Available data:

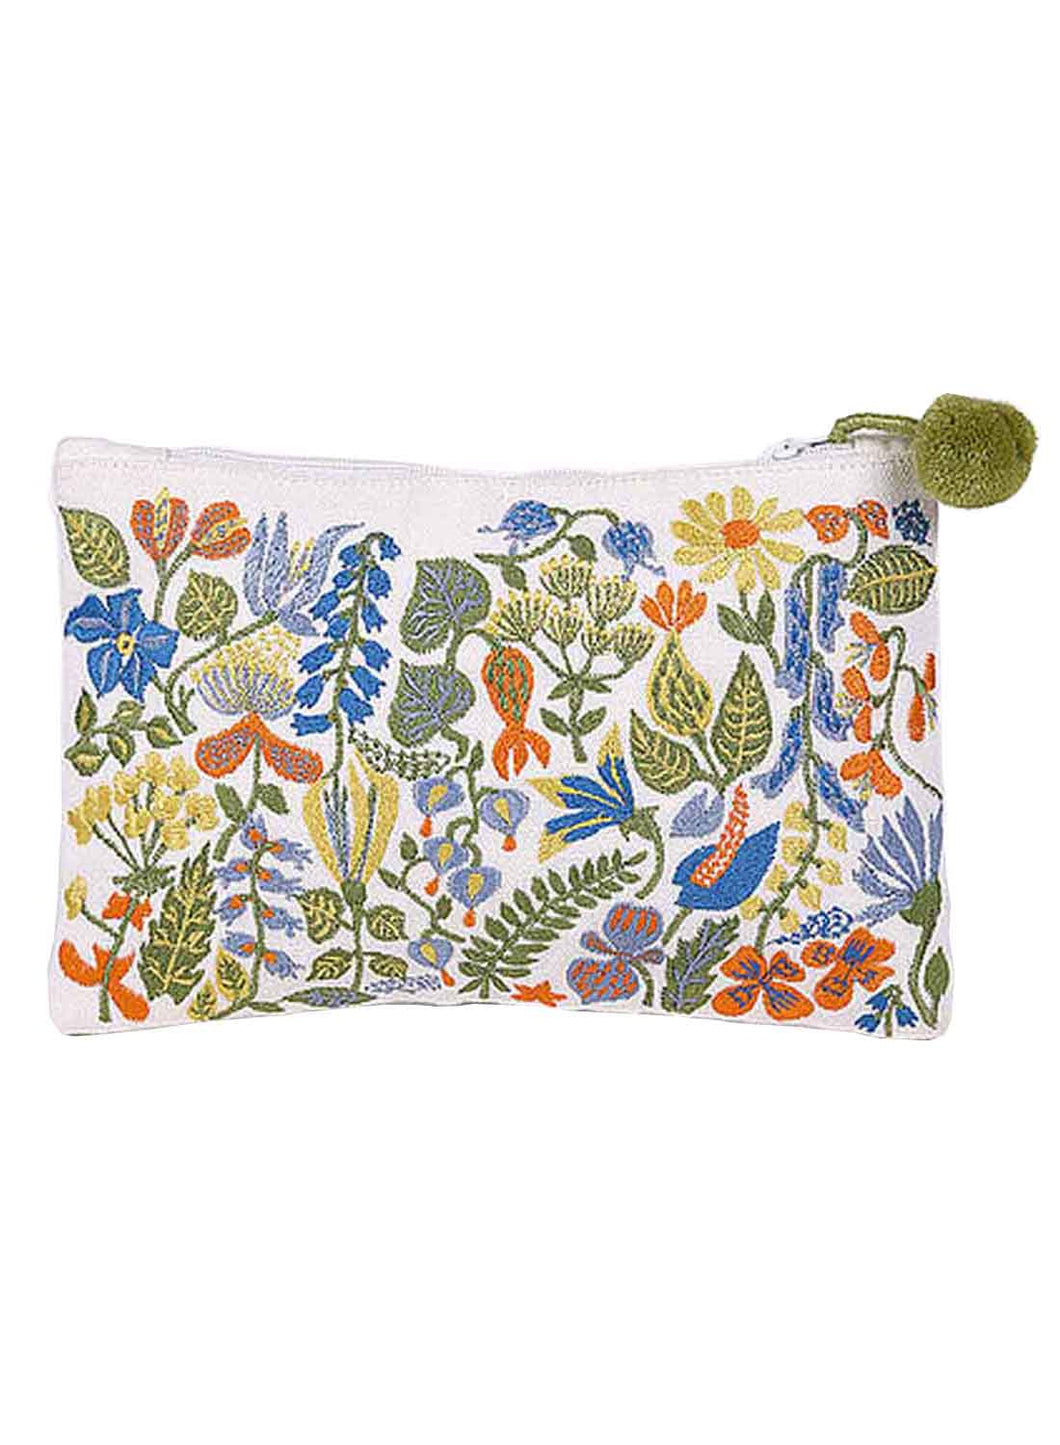 Kanyoga Spring Garden Embroidery Cotton Pouch With Pom Pom Attached For Women
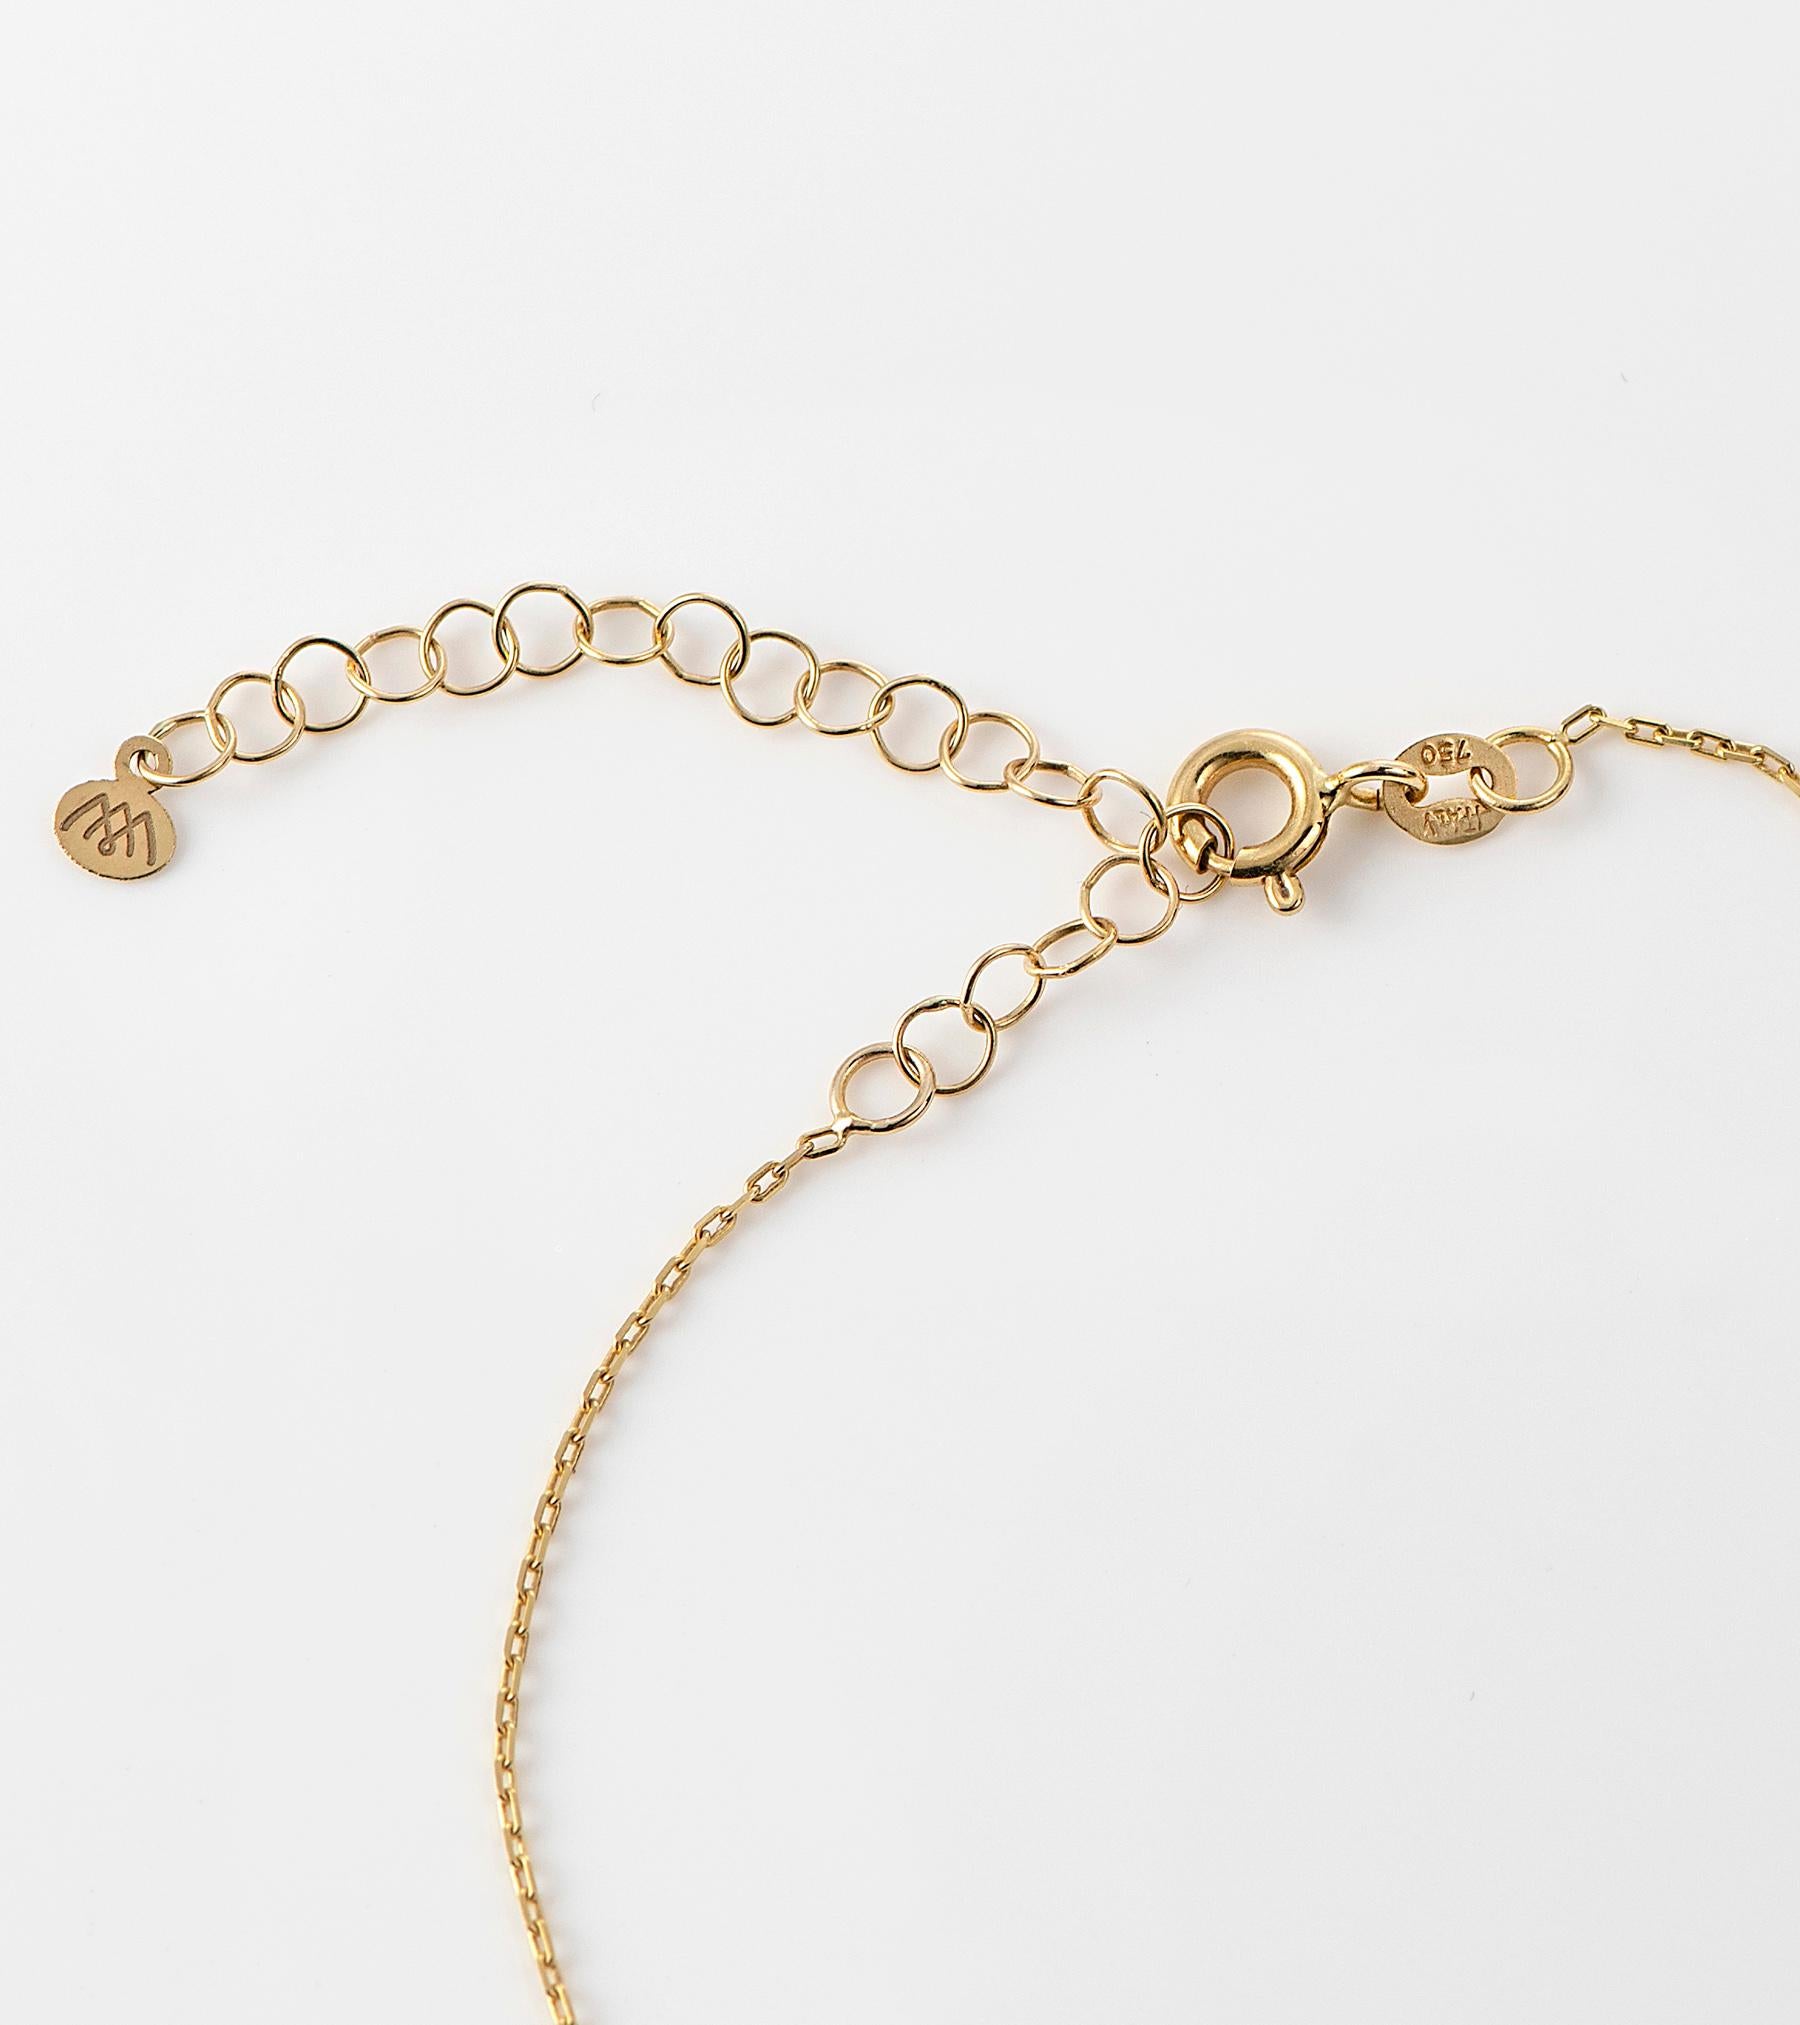 An array of dangling freshwater pearls in various sizes accentuated by glimmering natural diamonds hanging from a delicate chain fitted closely around the neck. 

A modern take on the classic pearl choker, that adds a touch of playfulness to any
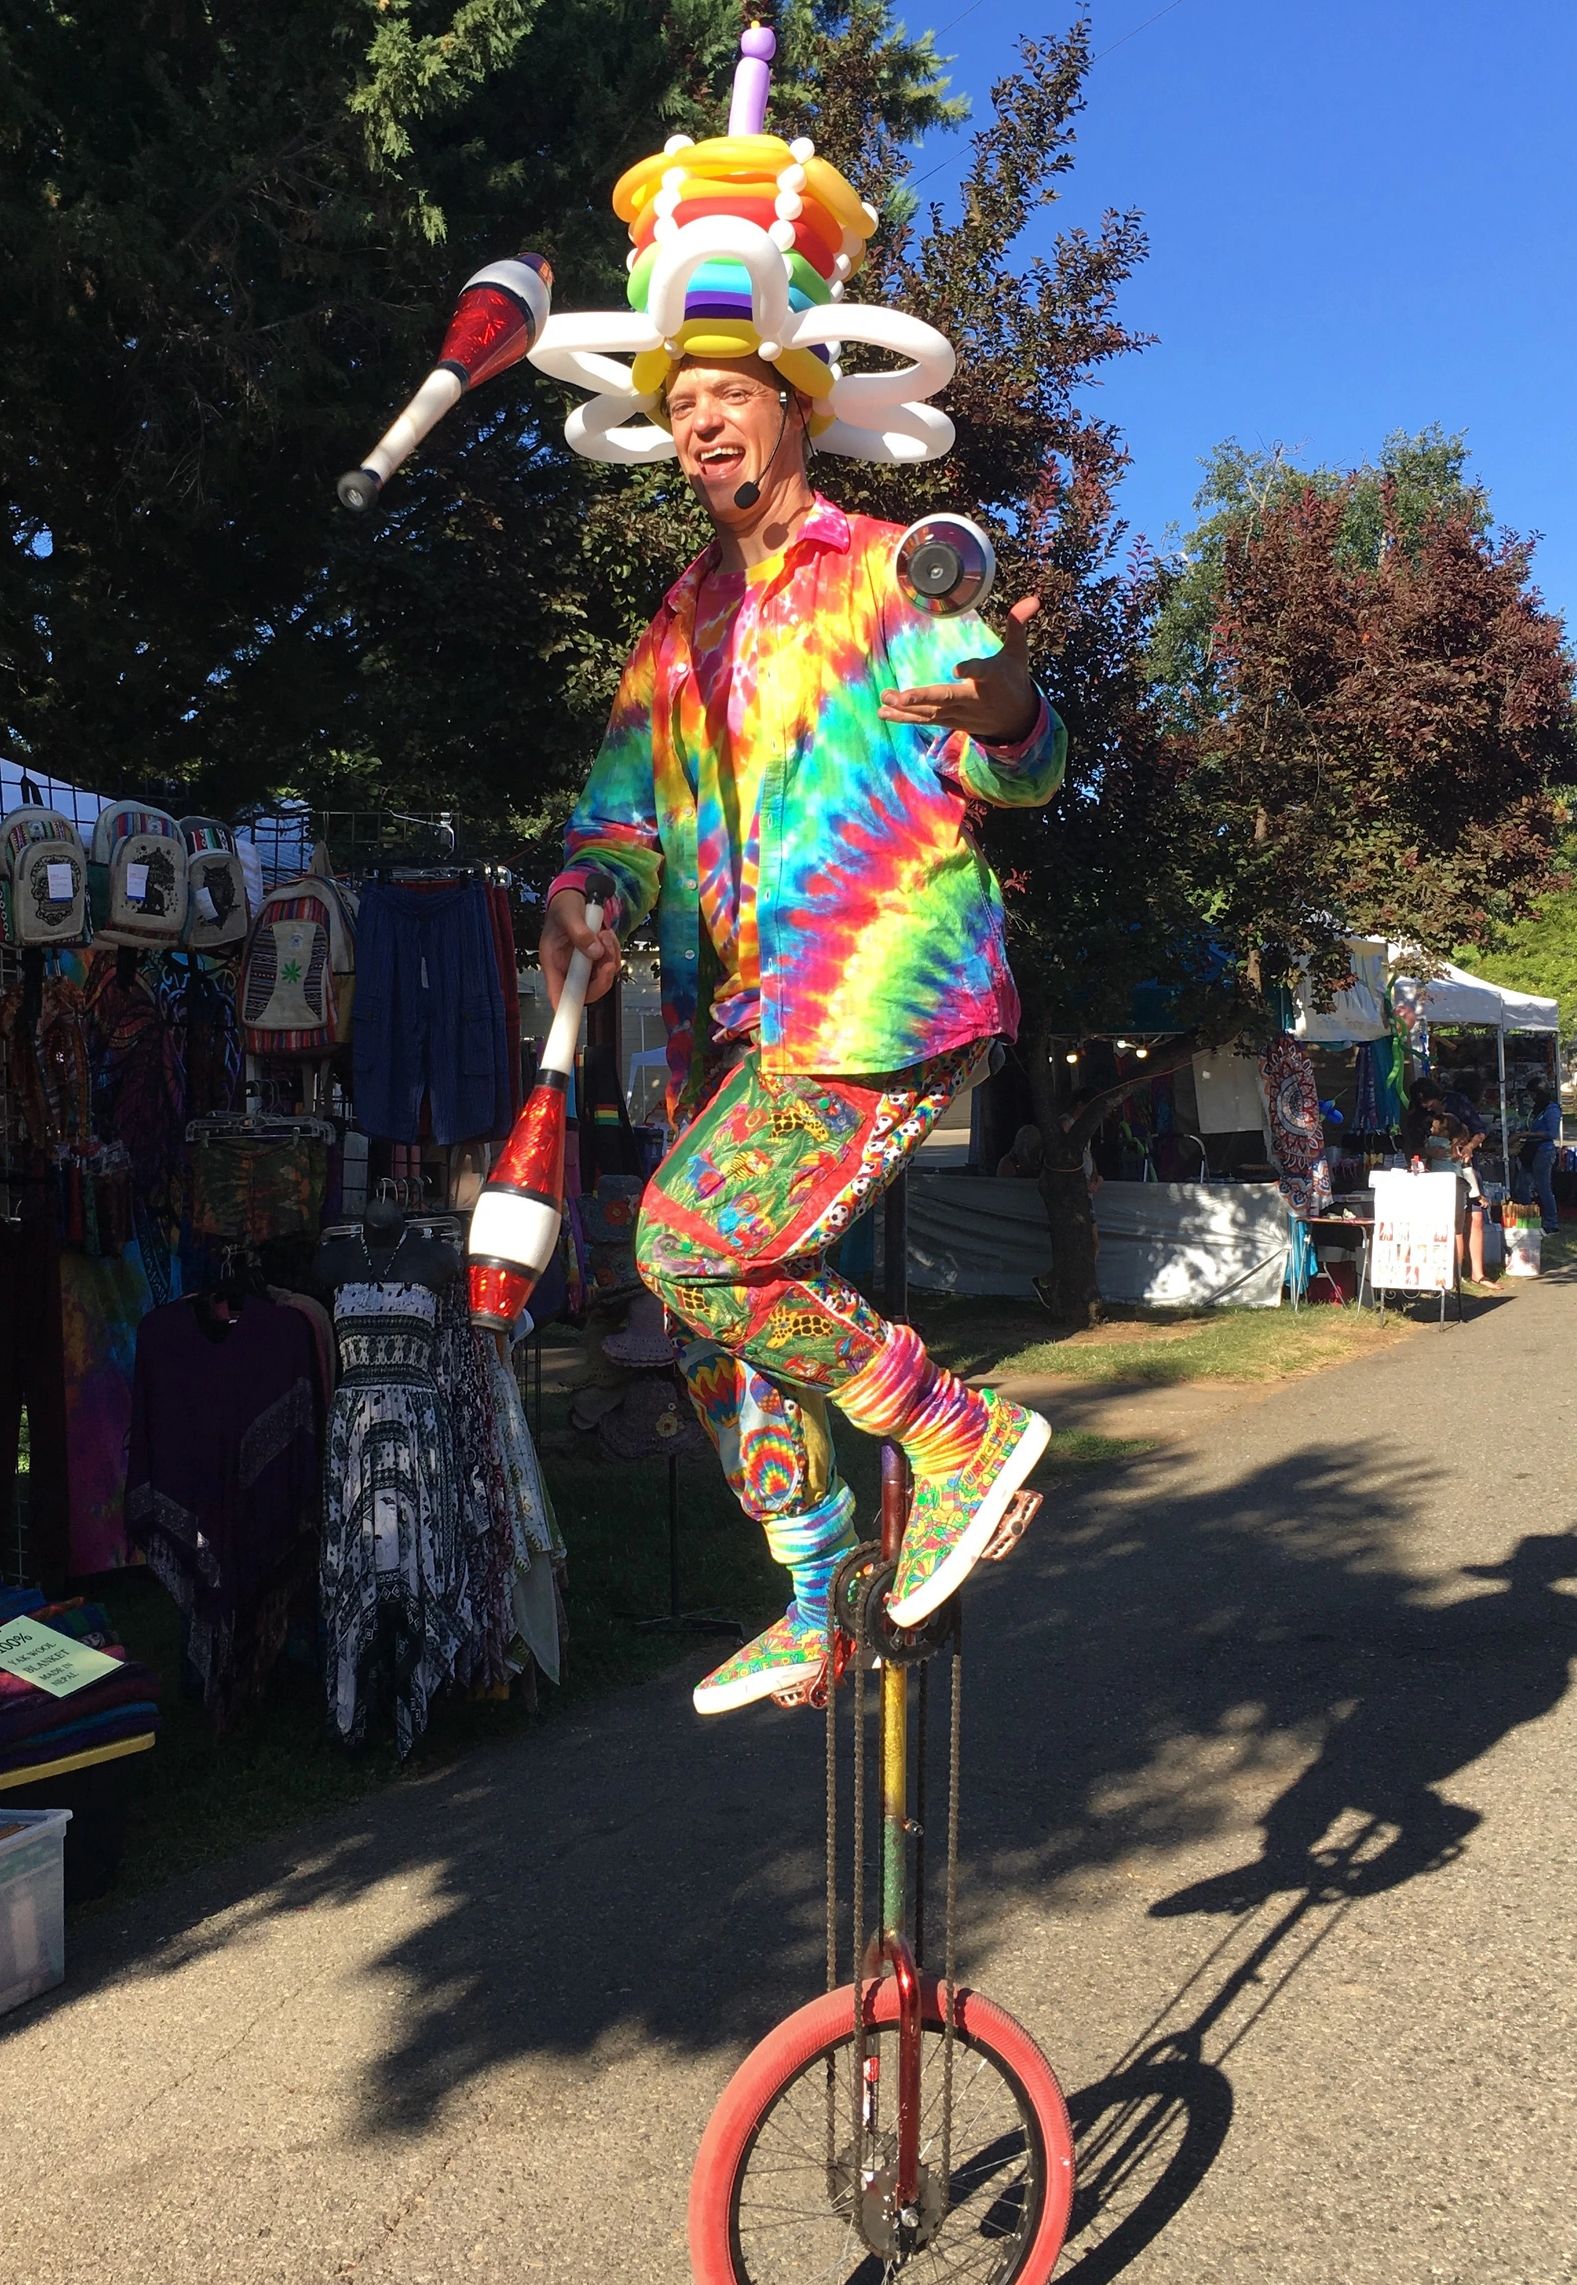 Jeremy the Juggler juggling clubs on giraffe unicycle at county fair.  Tie-dye outfit.

Exercise objective:
Pictures aside, return all of the material exactly as written.

Task response:
 Kanyoga Spring Garden Embroidery Cotton Pouch With Pom Pom Attached For Women
 An array of dangling freshwater pearls in various sizes accentuated by glimmering natural diamonds hanging from a delicate chain fitted closely around the neck. 

A modern take on the classic pearl choker, that adds a touch of playfulness to any
 Jeremy the Juggler juggling clubs on giraffe unicycle at county fair.  Tie-dye outfit.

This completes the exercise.